All this subtle business taking place, of course, under a staggering opium high; but they’re all used to that kind of handicap, it can be factored in easily. Eventually Sandy gets a secure feeling that he is talking to a good guy, who is acting in good faith. Manfred, he can tell, is coming to a similar conclusion, and as they are both pleased the meeting becomes even friendlier—a real friendliness, as opposed to the automatic social imitation of it that they began the meeting with.

Still, the basic nature of the deal is not something Sandy likes, and he stops short of agreeing to do it. “I don’t know, Manfred,” he says eventually. “I don’t usually go in for this kind of thing, as Bob probably told you. For me, in my situation you know, the risks are too high to justify it.”

Manfred just grins. “It’s always the high-risk projects that bring in the highest profits, man. Think about it.”

Then Manfred gets up to go to the bathroom.

“So what does Raymond think of this?” Sandy asks Bob. “How come he isn’t doing the pickup himself?” For Raymond has done a whole lot of major drug smuggling from offshore in his time, and claims to enjoy it.

Bob makes a face. “Raymond is really involved in some other things right now. You know, he’s an idealist. He’s always been an idealist. Not that it keeps him from going after the bucks, of course, but still it’s there. I don’t know if you ever heard about this, but a year or so ago some of Ray’s friends in Venezuela were killed by some remotely piloted vehicles that the Venezuelan drug police had bought from our Army. They were good friends, and it really made Ray mad. He couldn’t really declare war on the U.S. Army, but he’s done the next best thing, and declared war on the people who made the robot planes.” He laughs. “At the same time keeping an eye out for profits!” He laughs harder, then looks at Sandy closely. “Don’t tell anyone else about this, okay?” Sandy nods; he and Bob have done a lot of business together over the years, and it’s gone on as long as it has because they both know they form a closed circuit, as far as information goes, including gossip.
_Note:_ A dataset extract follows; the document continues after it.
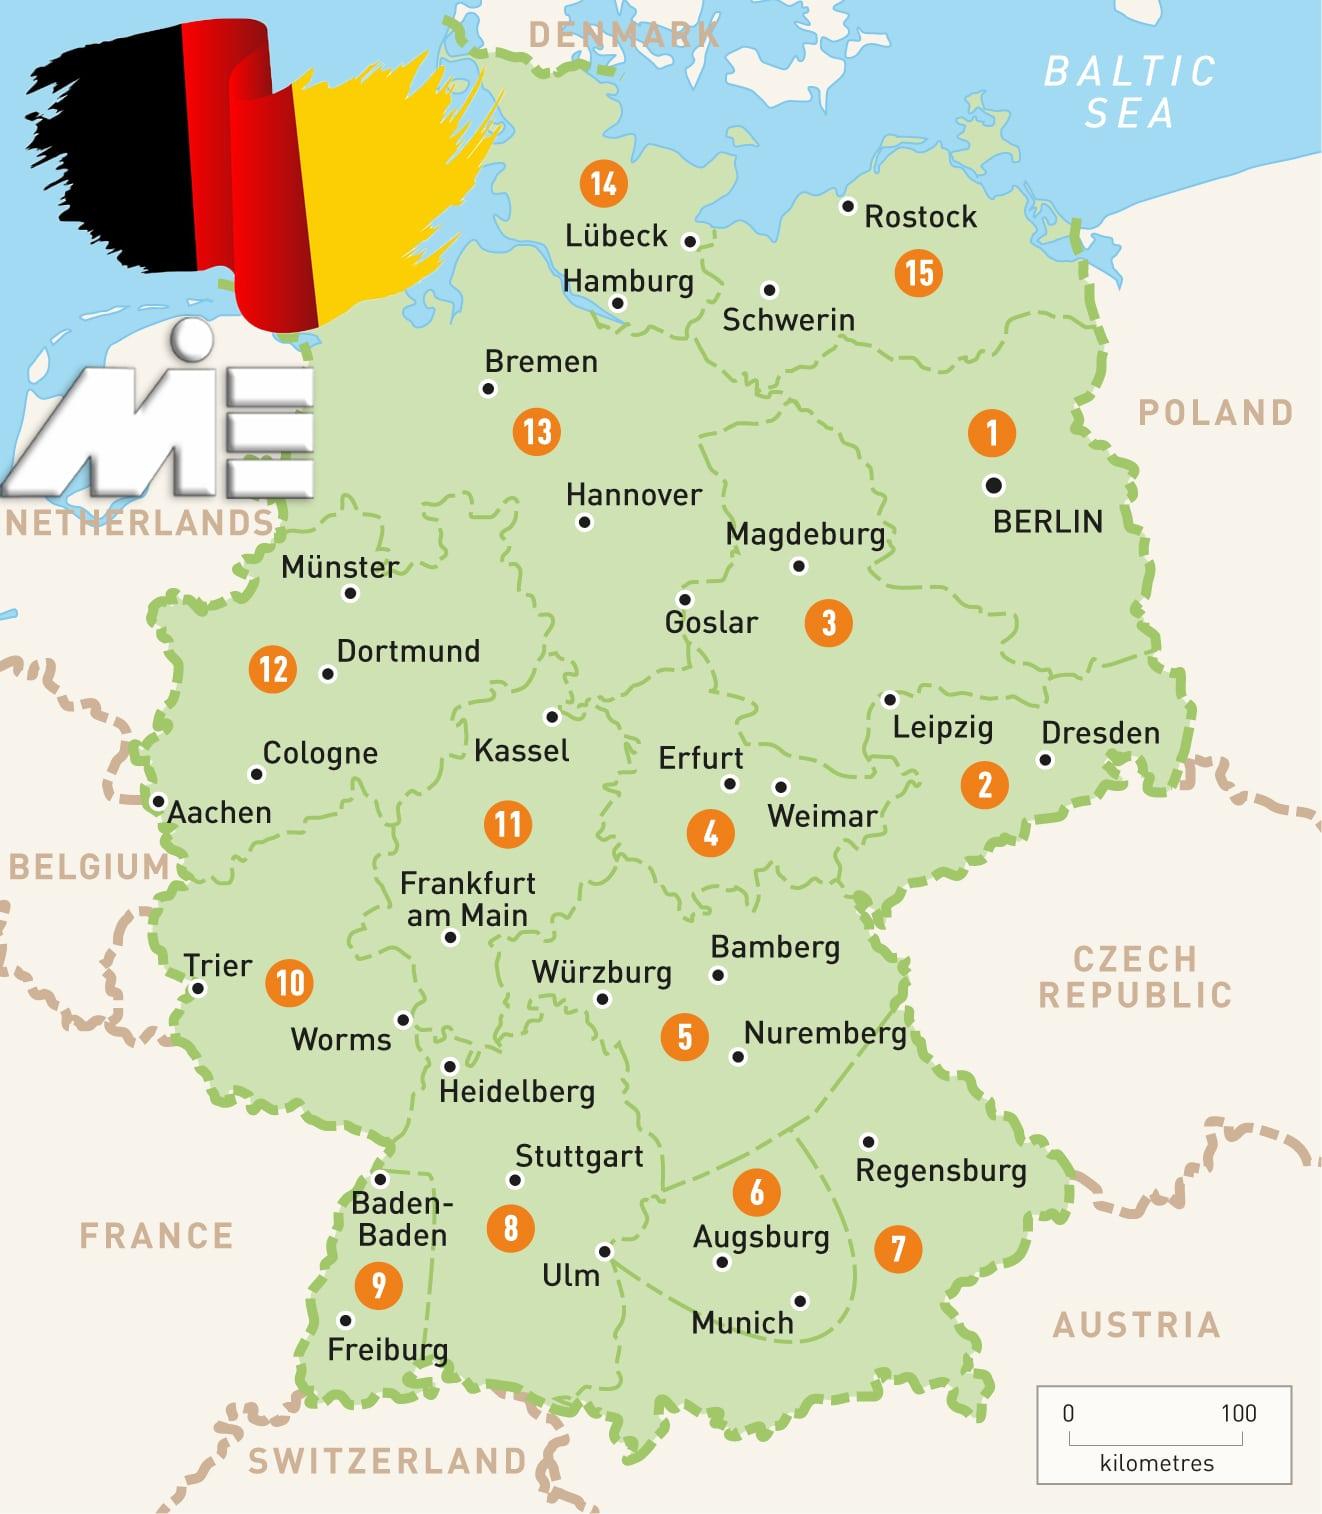 نقشه آلمان - مهاجرت به آلمان - آلمان کجاست؟ - اقامت آلمان - کار در آلمان
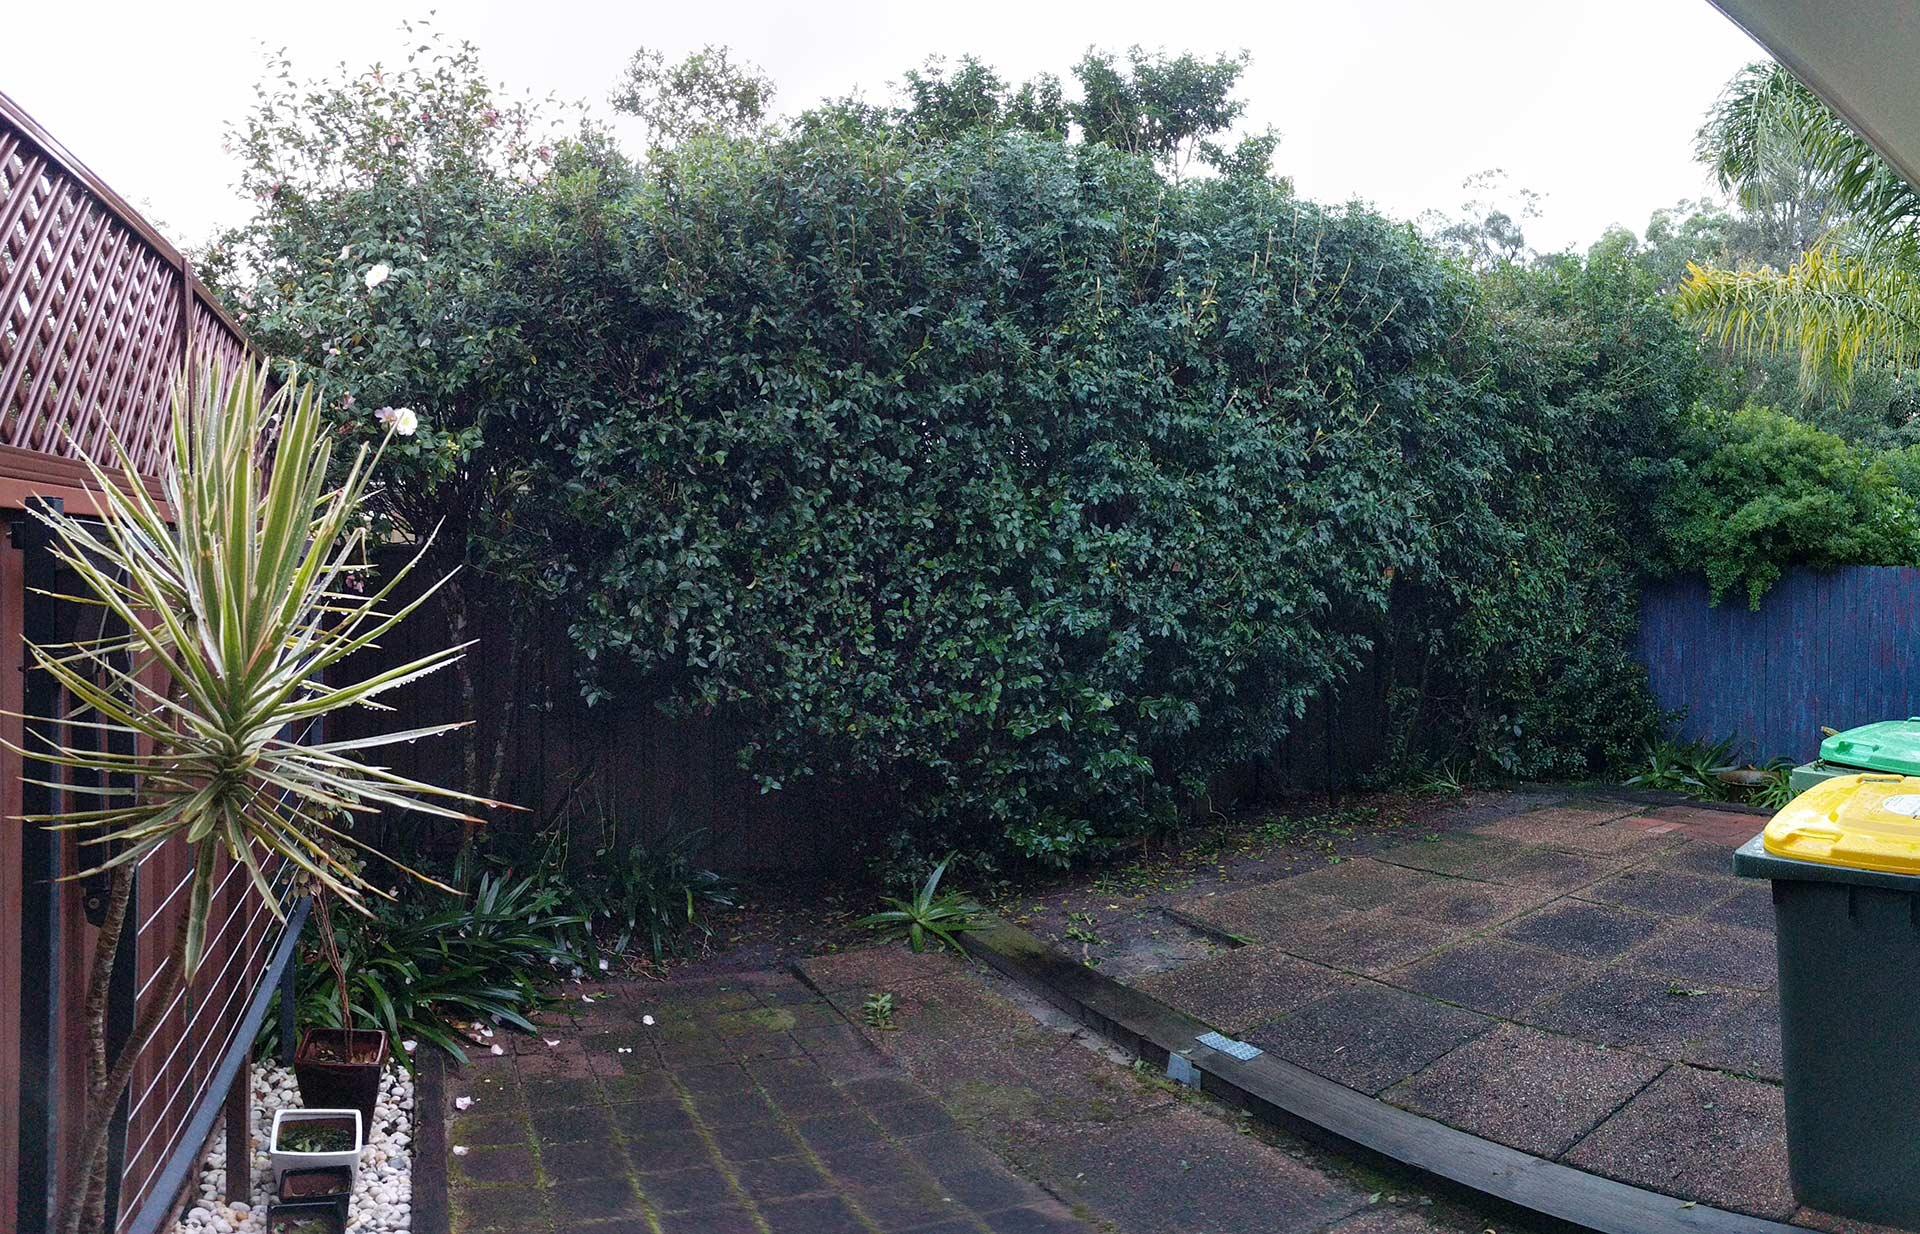 Backyard_Before_1920.jpg

And Bob appreciates it, because he does love to gossip, even—or especially—about his ally Raymond. “He’s been importing these little missile systems that can be used perfectly for sabotaging military production plants.”

“Ah, yes,” Sandy says carefully. “I believe I’ve read about the results of all that.”

“Sure. But Raymond doesn’t just do it for the idea. He’s also finding people who want these things done more than he does!”

Sandy opens his eyes wide to show how dubious he is about this.

“I know!” Bob replies. “It’s a tricky area. But so far it’s been working really well. There are customers out there, if you can find them. But it’s murky water, I’ll tell you. Almost as bad as the drug scene. And now he thinks he’s been noticed by another group who are into the same thing.”

“Uh-oh.”

“I know. So he’s all wrapped up in that now, trying to find out who exactly is out there, and whether he can come to terms with them.”

“Sounds dangerous,” Sandy says.

Bob shrugs. “Everything’s dangerous. But anyway, you can see why Ray isn’t interested in this smuggling deal. His mind is occupied with other things these days.”

“You bet.”

Manfred comes back from the bathroom. They try a few more puffs of the harsh black smoke, talk some more. Manfred presses Sandy to commit himself to the aphrodisiac smuggling enterprise, and carefully, ever so diplomatically, Sandy refuses to make the commitment. What he has just heard from Bob isn’t any encouragement. “I’m going to have to think about it, Manfred. It’s really far out of my usual line.”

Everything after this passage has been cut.